The Highland was a plantation owned and run by the fifth president of the United States, James Monroe. It was built and maintained by African Americans enslaved in the plantation at a time when slavery was a thriving institution.
Now the descendants of these enslaved Africans are coming out to tell their stories in collaboration with the managers of plantation as it comes to terms with its links to slavery.
Monroe, one of America’s founding fathers, became a slave owner at just 16 after his father bequeathed him a number of enslaved Africans including a boy named Ralph. His wife had also inherited property including ‘several slaves’ from her father. It is reported that through his lifetime, he had owned about as 250 enslaved persons and did not free any of them.
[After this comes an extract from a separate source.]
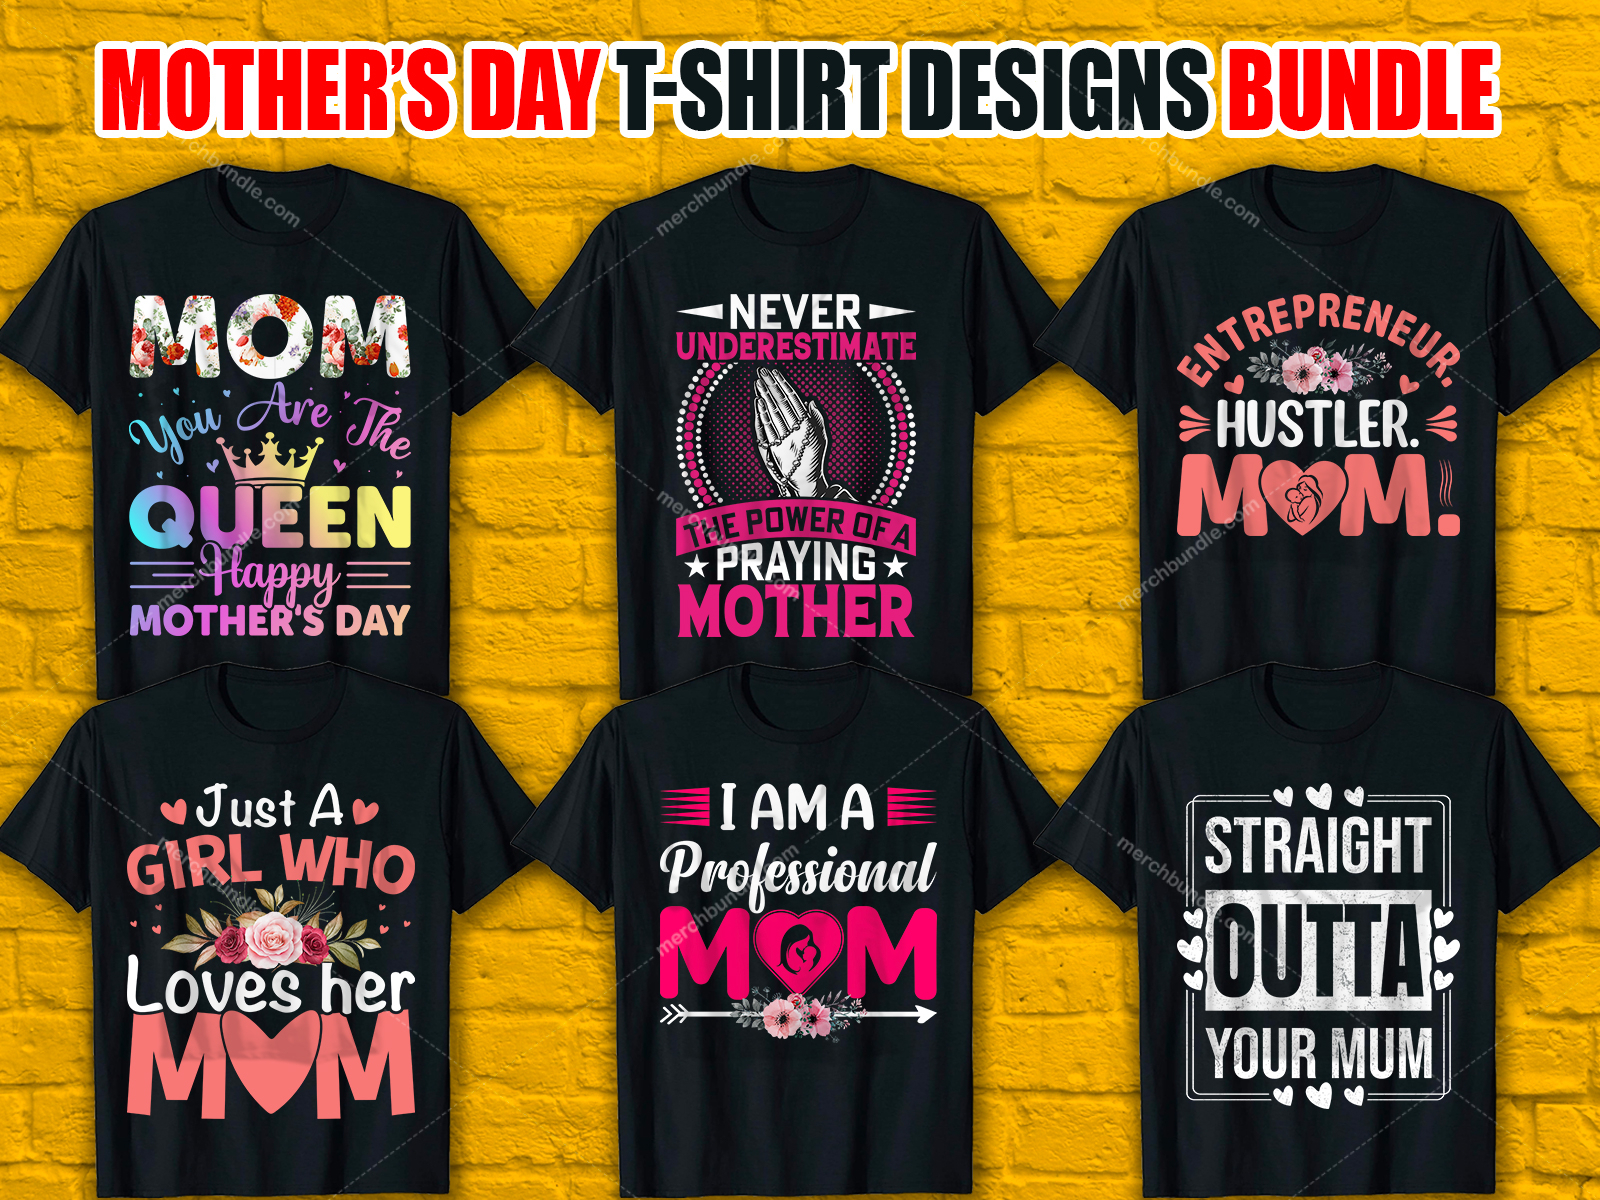 Mother's Day T Shirt Designs Bundle by Shagor Khan on Dribbble

This is despite the fact that he stated in 1829 that slavery is “one of the evils still remaining, incident to our Colonial system.” As a slave owner, he also said that abolition should be gradual to avoid disrupting social order and the economy. Monroe was also an advocate for the relocation of freed African Americans to either the Caribbean and Africa.
During his tenure as governor, Monroe quelled one of Virginia’s slave insurrections. Ten years later, it would be found out that he was one of the largest slave owners at the time with 49 enslaved people on his plantation who run it as Monroe was deep into the politics of the time.
In 1826, an enslaved black couple fled from the plantation, prompting Monroe to place an ad in the newspaper offering a reward for their return. The two were running away from the terrible situation in the farmland. Monroe also sold a number of his slaves when he sold part of the plantation in 1828.
George Monroe, Jr. is one of the descendants of the enslaved people at the Highland Plantation. He shares his last name with the former president as do many other slaves who kept the name after emancipation.
“I used to always say, ‘You know what Dad, that’s pretty cool, that’s our last name,'” said Monroe, Jr, who also noted that part of history was usually kept under wraps.
Now, 225 years later, Monroe, Jr. is working with the plantation’s Executive Director Sara Bon-Harper to link up with at least a dozen descendants in the immediate area and across Virginia.
“The theme of having one’s eyes opened to reality that one was completely ignorant of, I think, goes through race relations in Virginia. And my response is to be completely open to learning the things that I have not known and Highland is really, really, excited to have these contacts now and having the willing collaboration of the descendant communities is tremendous,” said Bon-Harper to the NPR.
A group of the descendants have now taken a trip to the Highland and have seen some historic items and structures that were inhabited or seen by the ancestors, including a 300 year old oak tree.
Part of the changes in this outlook of the plantation is the restructuring of language for example instead of saying Monroe built the house, they ought mention the contribution of the enslaved black people who put the building up.
It also involves creating a guide to tell an accurate story of the plantation and its links to slavery to give a fuller picture of the institution and its continuing legacy.